Find Youtube video url with Clojure

Clojure can be the best scripting language with the declarative programming style, REPL and Java ecosystem, you can do almost anything with it and most important thing: solving problem with happy and elegant. Other languages like Ruby, Python or PHP don't give you these feelings, even they all can solve your problem. But it's not joyful to programming in these languages, the most important reason is they are all imperative in nature, the dynamic typing gives a little help about it.

Another problem is the way you gonna interact with them, what you get is a file, a script file you can pass parameter to, that is another indirection. On command line you can only pass string to your script with a lot of limitations, you usually need a layer of code to transform the parameters to the form that you code really need. That job is daunting and lame.

In Clojure, the story is different, you go straight to the problem itself, write a small function and test it, make sure it will do what it is designed to, and you write the next function. When all the building blocks are written and tested, you just write an entry function to compose them together. That function becomes a tool, a command, call that function with any parameter you want to pass. All happens in REPL.
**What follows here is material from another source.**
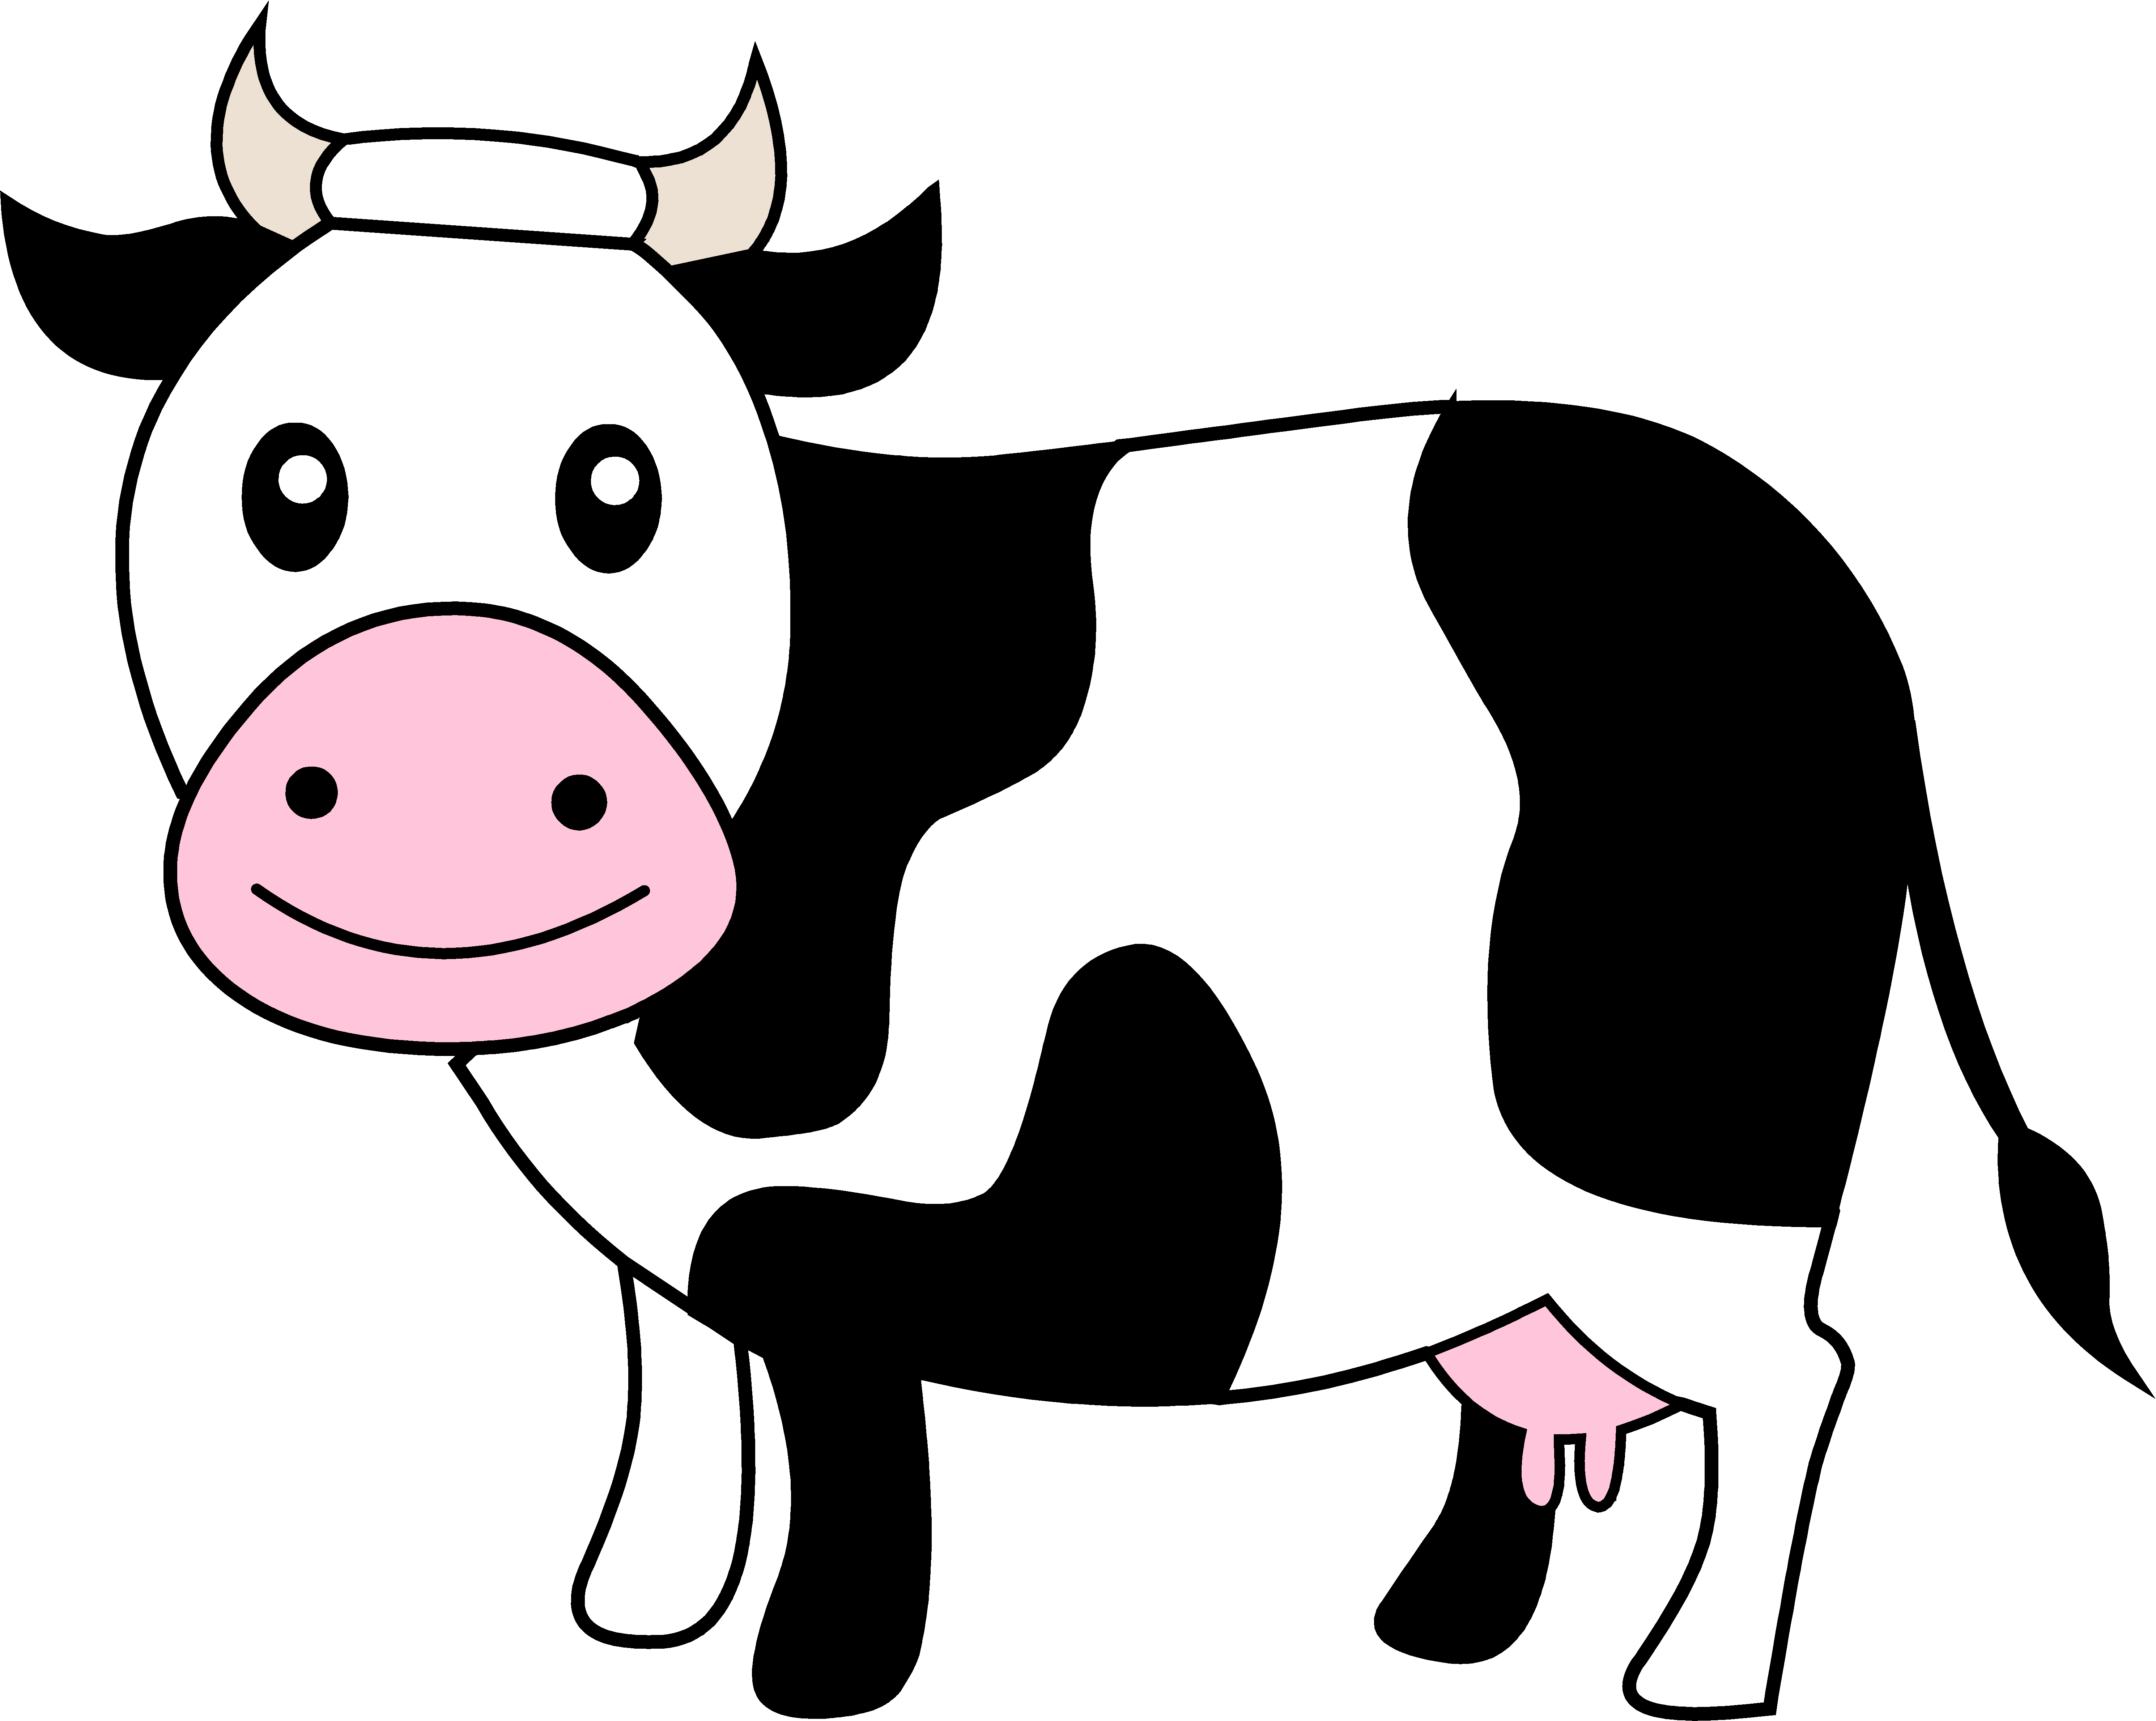 Cow Cartoon Images Free Download Clipart

This task is about extracting Youtube video URL address from Youtube API. Clojure good at tasks like this.

Each Youtube video has an unique ID associate with it. You can see them in you browser address bar, something like this

 
watch?v=J6vIS8jb6Fs
 

You can also retrieve video file information from the Youtube API

 
https://www.youtube.com/get_video_info?video_id=J6vIS8jb6Fs&el=detailpage&ps=default&eurl=&gl=US&hl=en
 

All parameters are optional except the video_id, but the default value of el is embedded, which may cause the error below if the owner forget to set it

 
Watch this video on YouTube.Playback on other websites has been disabled by the video owner
 

If you request that url in browser, Youtube will return a large chunk of data, it contains a lot of information, what we need is all the available video format and their download address.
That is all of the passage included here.